§ What the task asks:
Using the listing below, copy exactly each line from the one that has "AC85-265V 3W GU10" through the one that has "My grandma's seashells."; omit the pictures.

§ Information:
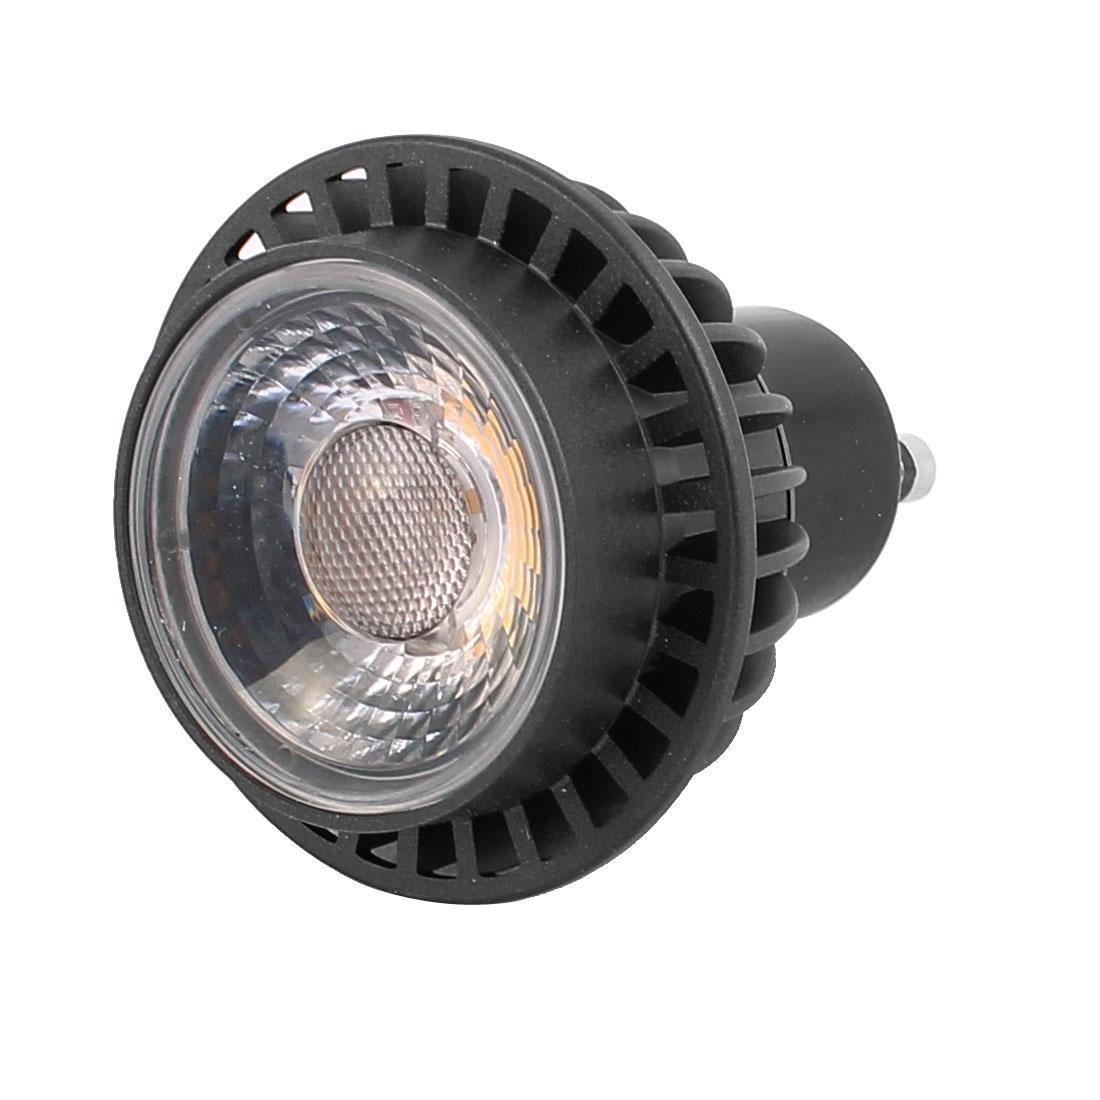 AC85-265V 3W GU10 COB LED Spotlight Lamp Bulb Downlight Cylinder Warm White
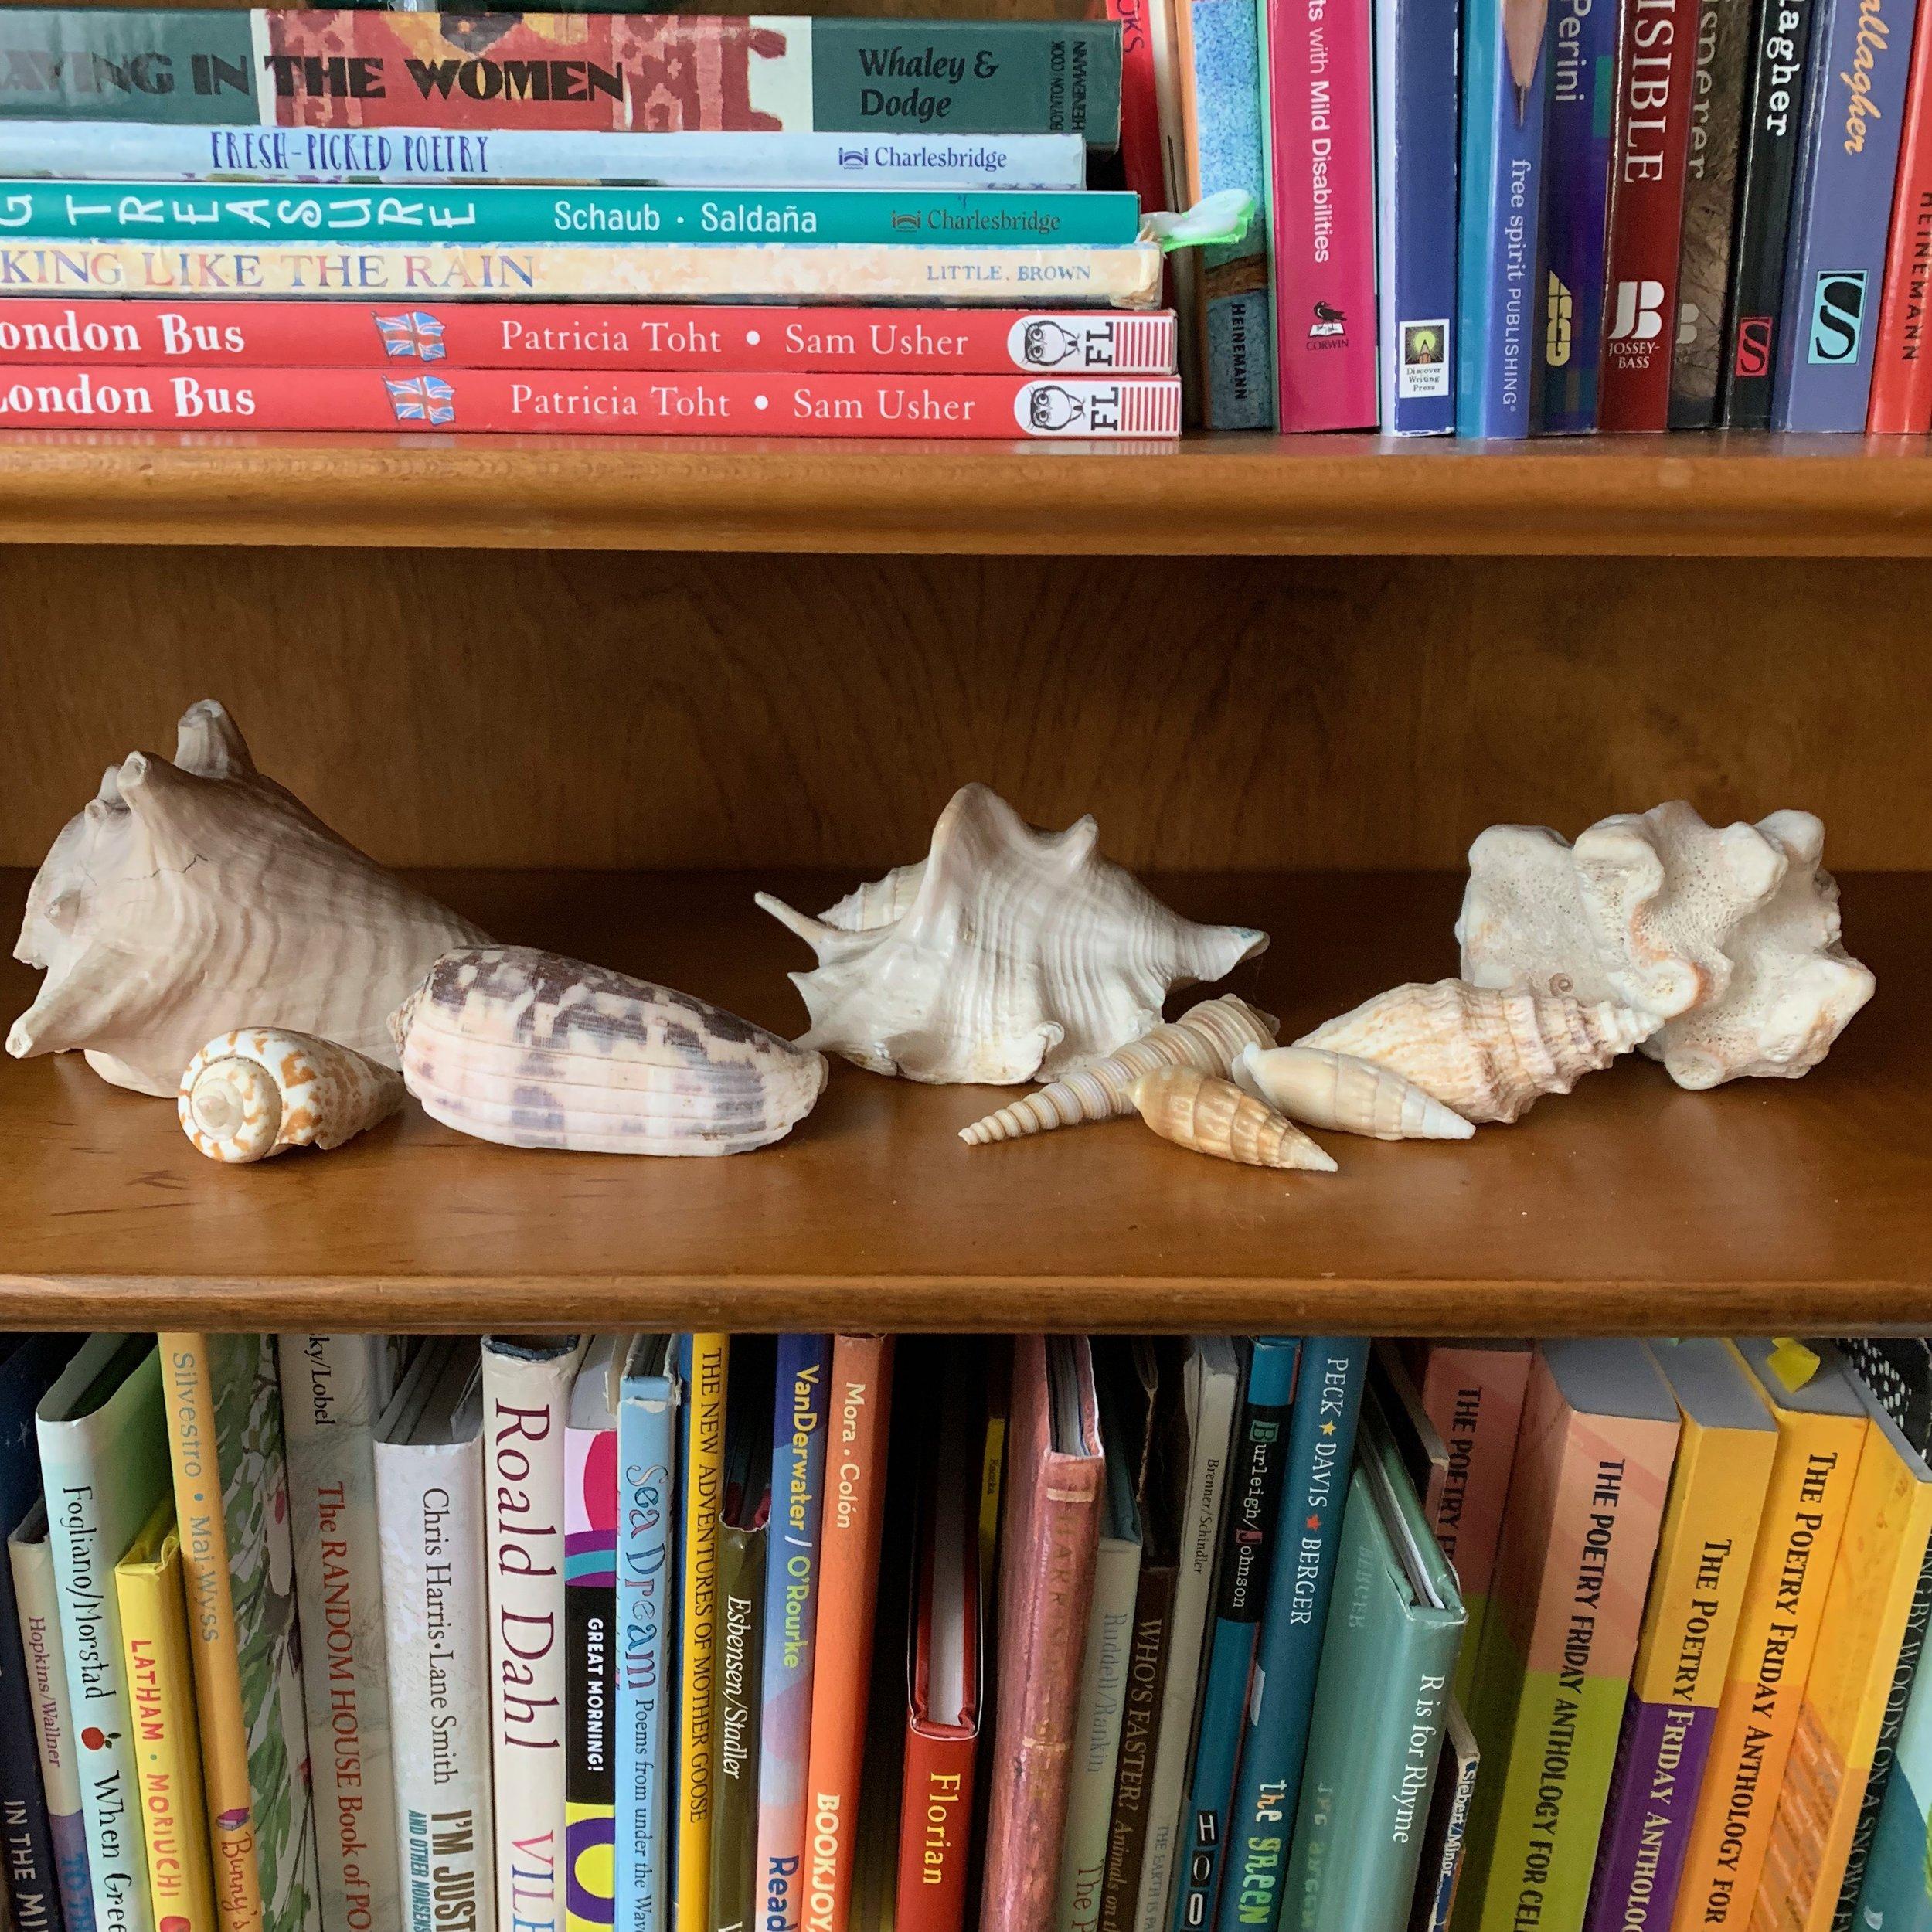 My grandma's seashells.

---

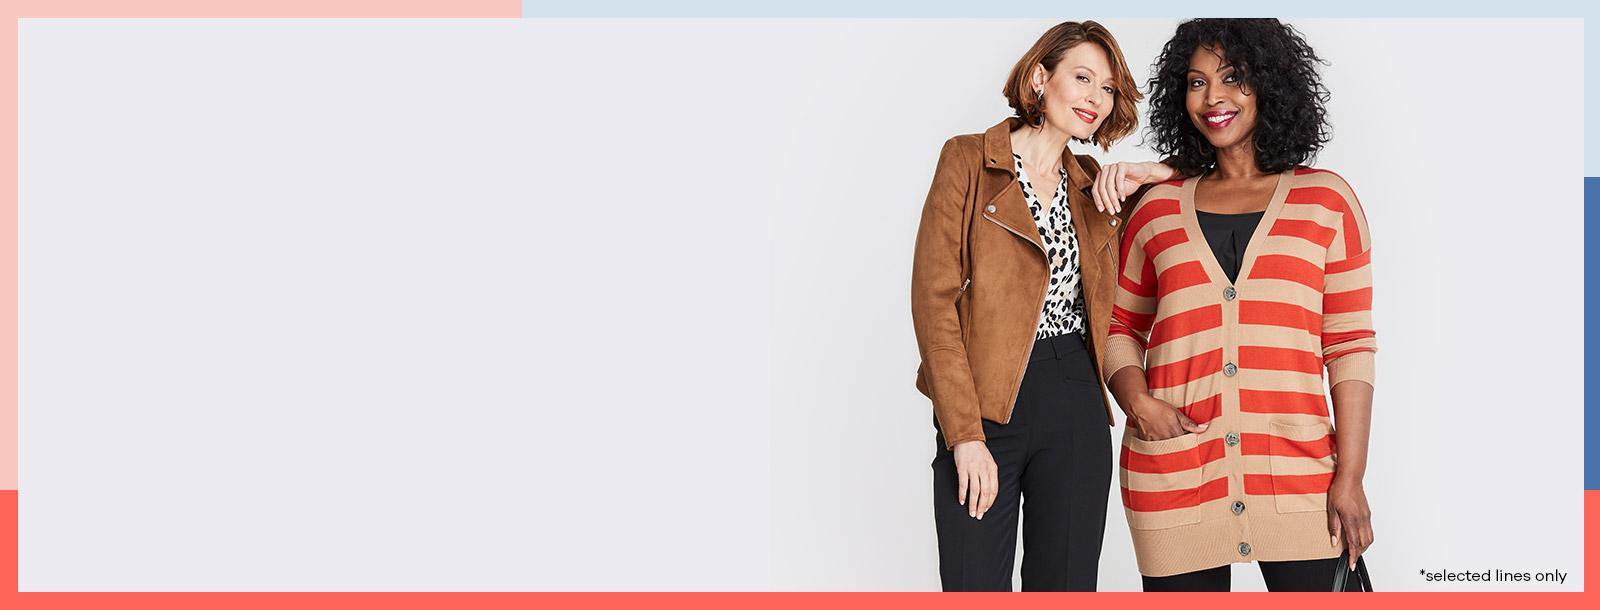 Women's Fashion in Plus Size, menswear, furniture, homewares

§ Solved problem:
 AC85-265V 3W GU10 COB LED Spotlight Lamp Bulb Downlight Cylinder Warm White
 My grandma's seashells.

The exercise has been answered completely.